И потому старые времена волнуют душу так приятно. И этим временам, этим ушедшим дням счастья открыто всё сердце. Образ каждого человека, даже промелькнувшего в той прежней жизни, волнует и греет, и к этим воспоминаниям все время возвращаюсь — просто не вылезаю из них.

Горовиц, гениальный пианист, когда он приезжал в Москву в 86-м году, на вопрос корреспондента, кто повлиял на него как музыканта, к удивлению спрашивавших, не назвал ни одного музыкального имени, а стал перечислять каких-то плотников, рыбаков, пекарей… Для него, гения музыки, было важно, кто сформировал его как личность. И именно там, где начинался он как личность, там начинался он и как божественный пианист.
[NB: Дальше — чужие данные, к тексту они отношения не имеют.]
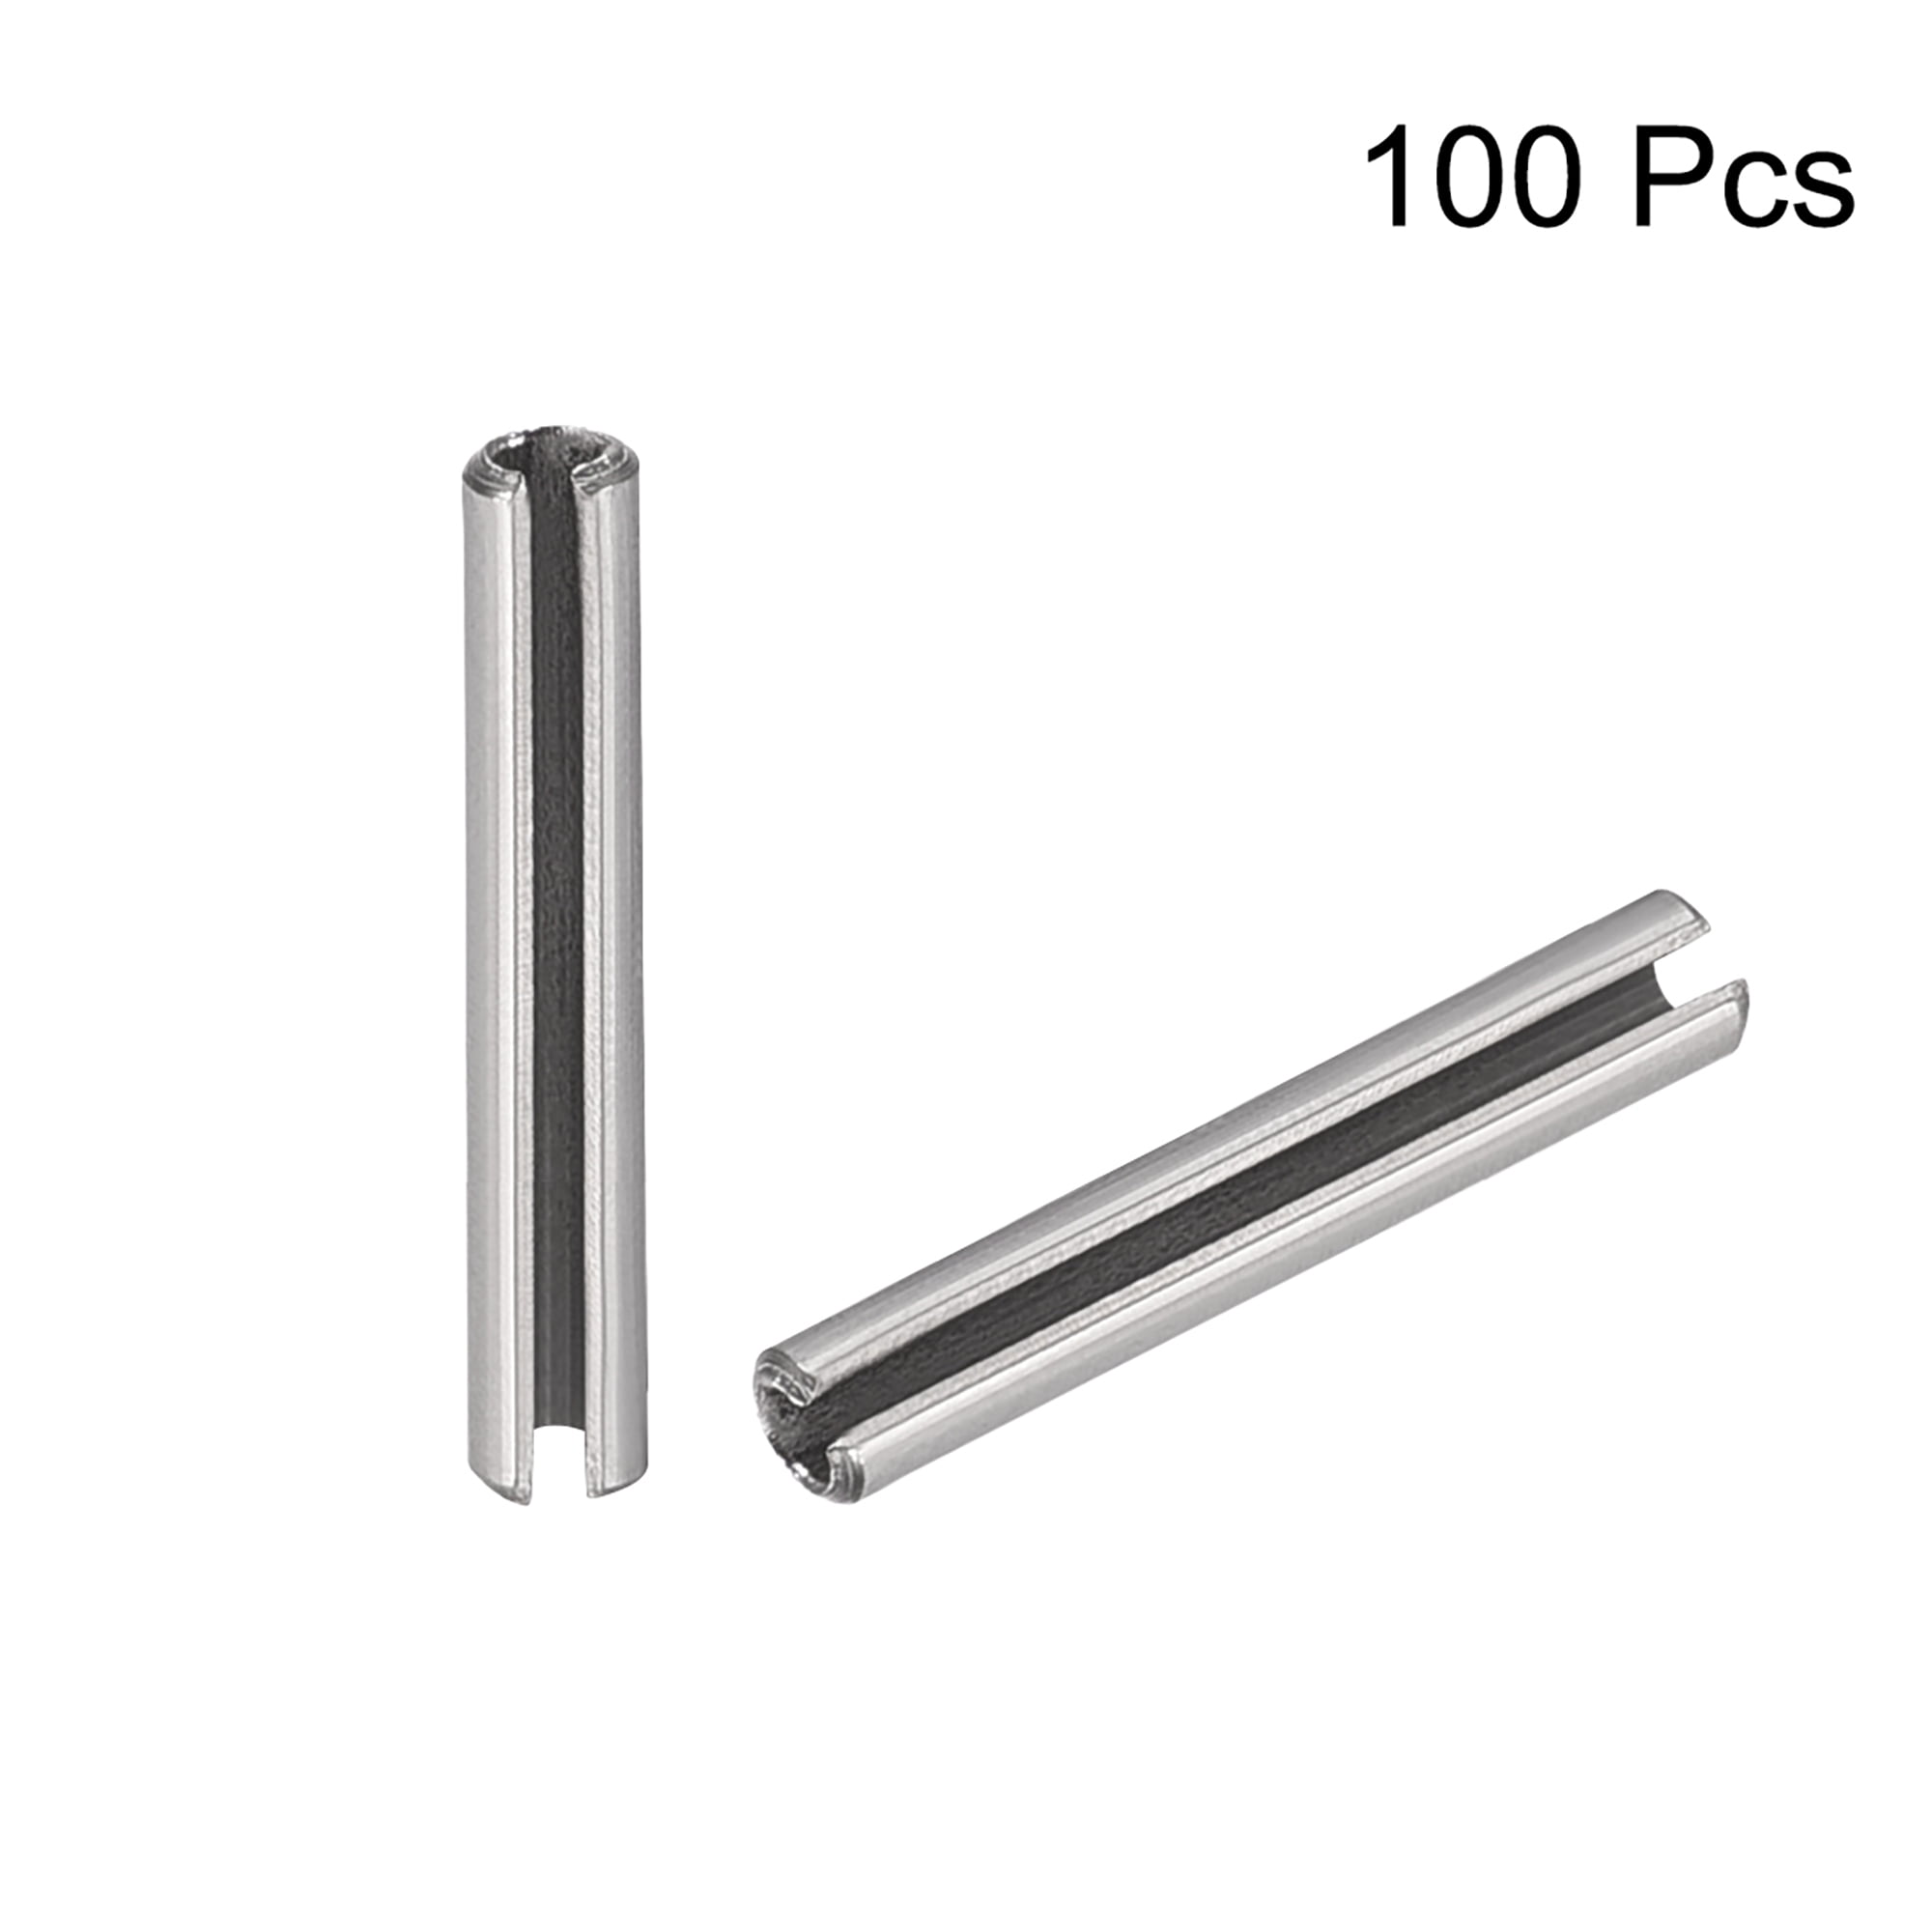 Slotted Roll Spring Pin 3/16" Dia x 1 7/8" Length 50 pcs 420 Stainless Steel 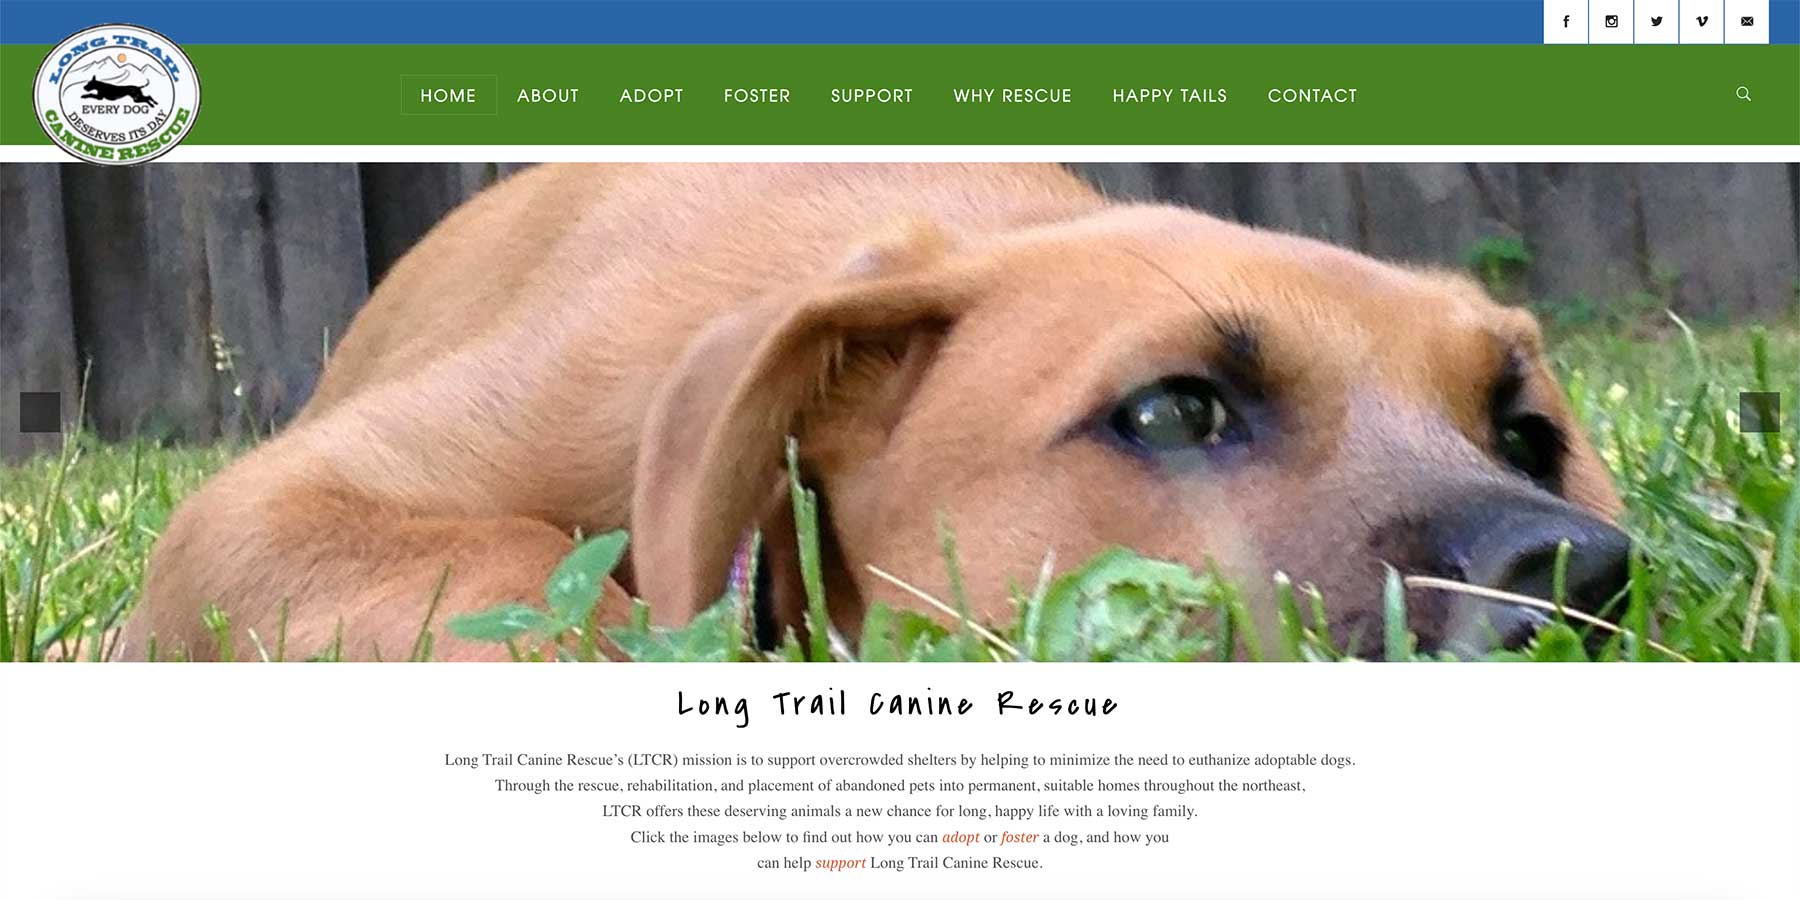 screenshot of Long Trail Canine Rescue's home page with a close up photo of a dog lying in the grass

Думаю, каждый из нас, необязательно только Горовиц, может сказать, кто повлиял на нас, на наше мировоззрение, в конечном итоге на наши мысли и чувства, во времена далёко ушедшего прошлого.

Среди многих людей, перед которыми я всегда в долгу, я вспоминаю Сашу Тарасова. Один мой друг и Сашкин тоже не так давно написал мне о том, что такой доброты, как у Сашки, он никогда не видел. Если бы мне довелось подписаться под этими словами, то я бы сразу схватил перо. Эти слова о Сашке, как мы всегда его звали, окрылили меня на то, чтобы засесть за компьютер и начать вспоминать. Вспоминать Сашку Тарасова.

Не будучи слишком религиозным, я уверен, что он уже знает, что пишу о нём, и каким-то жестом, прислушиваясь к моим словам, характерным жестом, закуривает сигаретку. И говорит мне, «ну что, друг, на посошок?» И пьём с ним, не закусывая.

Вообще-то, если придерживаться точных дат, я повстречал Сашу в январе 57-го года, когда играл в клубе на Гоголевском в первенстве Москвы среди мальчиков. То был навсегда запомнившийся турнир. Я не говорю о том, что в нём была сыграна моя партия с Серёжей Розенбергом, которую старое поколение шахматистов ещё помнит с такой ясностью.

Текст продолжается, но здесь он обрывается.